As, \(\quad \omega=\sqrt{\frac{k}{m}} \Rightarrow m \omega^2=k \therefore {KE}=\frac{1}{2} k\left(A^2-x^2\right)\)

In terms of time Kinetic energy of a particle executing SHM at any time \(t\) is given by
\(
KE=\frac{1}{2} m \omega^2 A^2 \cos ^2 \omega t
\)
i.e. kinetic energy of a particle executing SHM is a periodic function of time.
The kinetic energy versus time graph is given below:

From the graph above, it is clear that at \(t=0, T / 2\), \(T\), etc., kinetic energy has its maximum value.
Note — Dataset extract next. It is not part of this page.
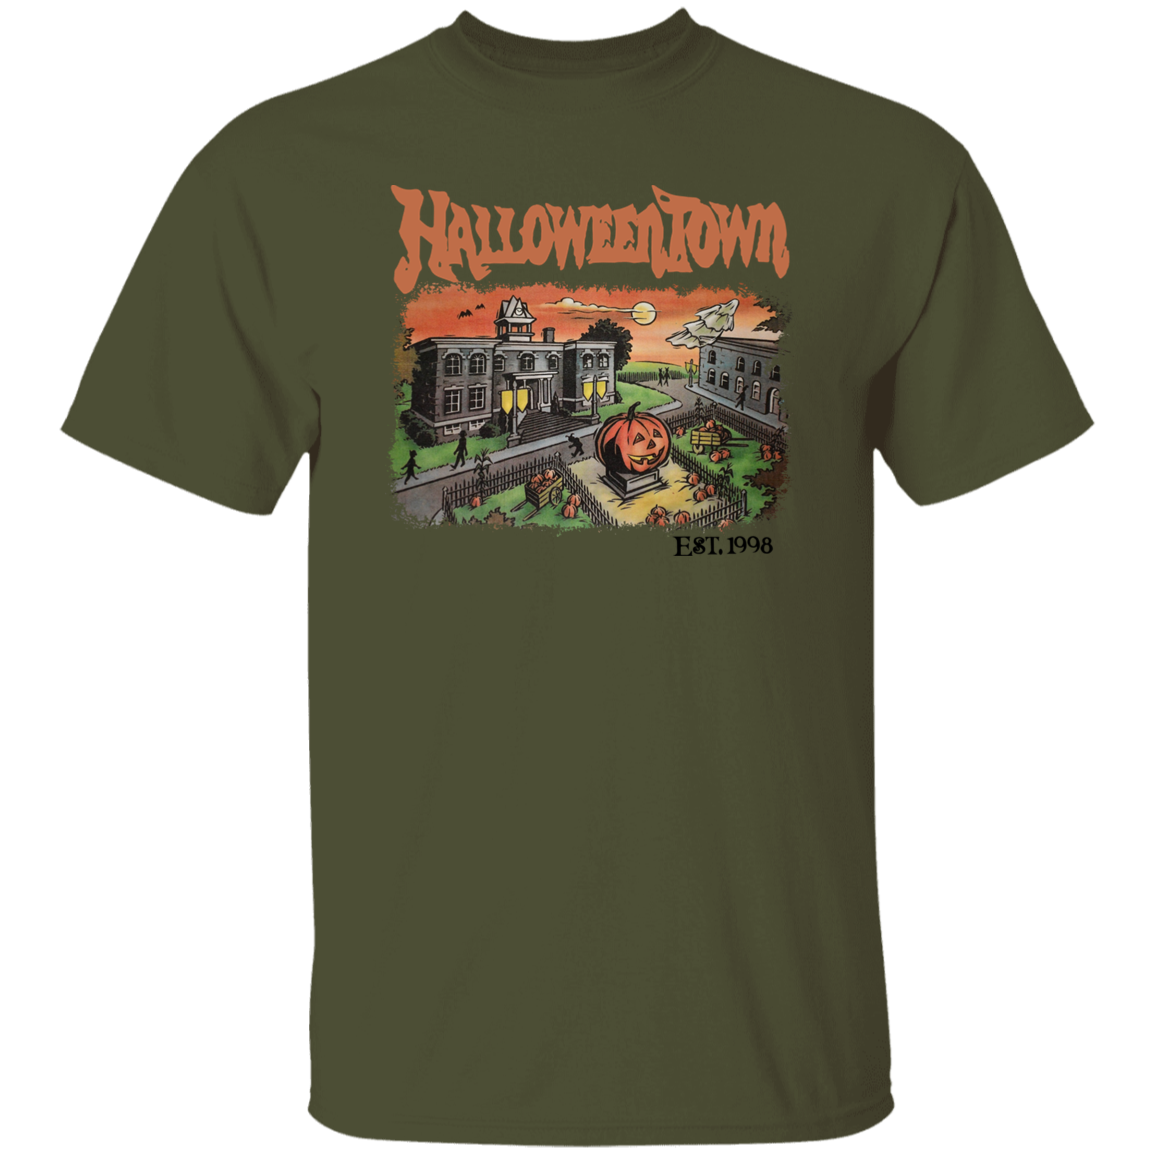 HalloweenTown- Men's T-Shirt

For \(x= \pm A\) or \(t=\frac{T}{4}, \frac{3 T}{4}\), the kinetic energy has its minimum value.

Special cases:

• Kinetic energy is maximum at the mean position, i.e. at \(x=0\)
  \(
  \mathrm{KE}_{\max }=\frac{1}{2} m \omega^2 A^2
  \)
• Kinetic energy is minimum (zero) at the extreme position, i.e. at \(x= \pm A, \mathrm{KE}_{\min }=\) zero

Potential energy

Work done by the restoring force while displacing the particle from the mean position \((x=0)\) to \(x=x\) :

The work done by restoring force when the particle has been displaced from the position \(x\) to \({x}+{dx}\) is given by
\(
d w=F d x=-k x~ d x
\)
\(
\begin{aligned}
& w=\int d w=\int_0^x-k x~ d x=\frac{-k x^2}{2} \\
& =-\frac{m \omega^2 x^2}{2} \quad \left[k=m \omega^2\right]
\end{aligned}
\)
\(
=-\frac{m \omega^2}{2} A^2 \sin ^2(\omega t+\phi)
\)
Potential Energy = -(work done by restoring force)
Potential Energy \(U=\frac{m \omega^2 x^2}{2}=\frac{1}{2} k x^2=\frac{m \omega^2 A^2}{2} \sin ^2(\omega t+\phi)\)

Special cases:

• Potential energy is maximum at the extreme position, i.e. at \(x= \pm A\)
  \(
  U_{\max }=\frac{1}{2} m \omega^2 A^2
  \)
  Potential energy is minimum (zero) at the mean position, i.e. at \(x=0, U_{\min }=0\)
• In terms of time Potential energy of a particle executing SHM at any time \(t\) is given by
  \(
  U=\frac{1}{2} m \omega^2 A^2 \sin ^2 \omega t
  \)
  The potential energy versus time graph is given below

From the graph, it is clear that at mean position (i.e. \(x=0\) or \(t=0, T / 2, T \ldots)\), potential energy is minimum and at extreme position (i.e. \(\mathrm{t} x= \pm A\) or \(t=T / 4,3 T / 4\) ), its value is maximum. Clearly, twice in each cycle, potential energy acquires its peak values.
Hence, the potential energy is the periodic function of time with a period of \(T / 2\).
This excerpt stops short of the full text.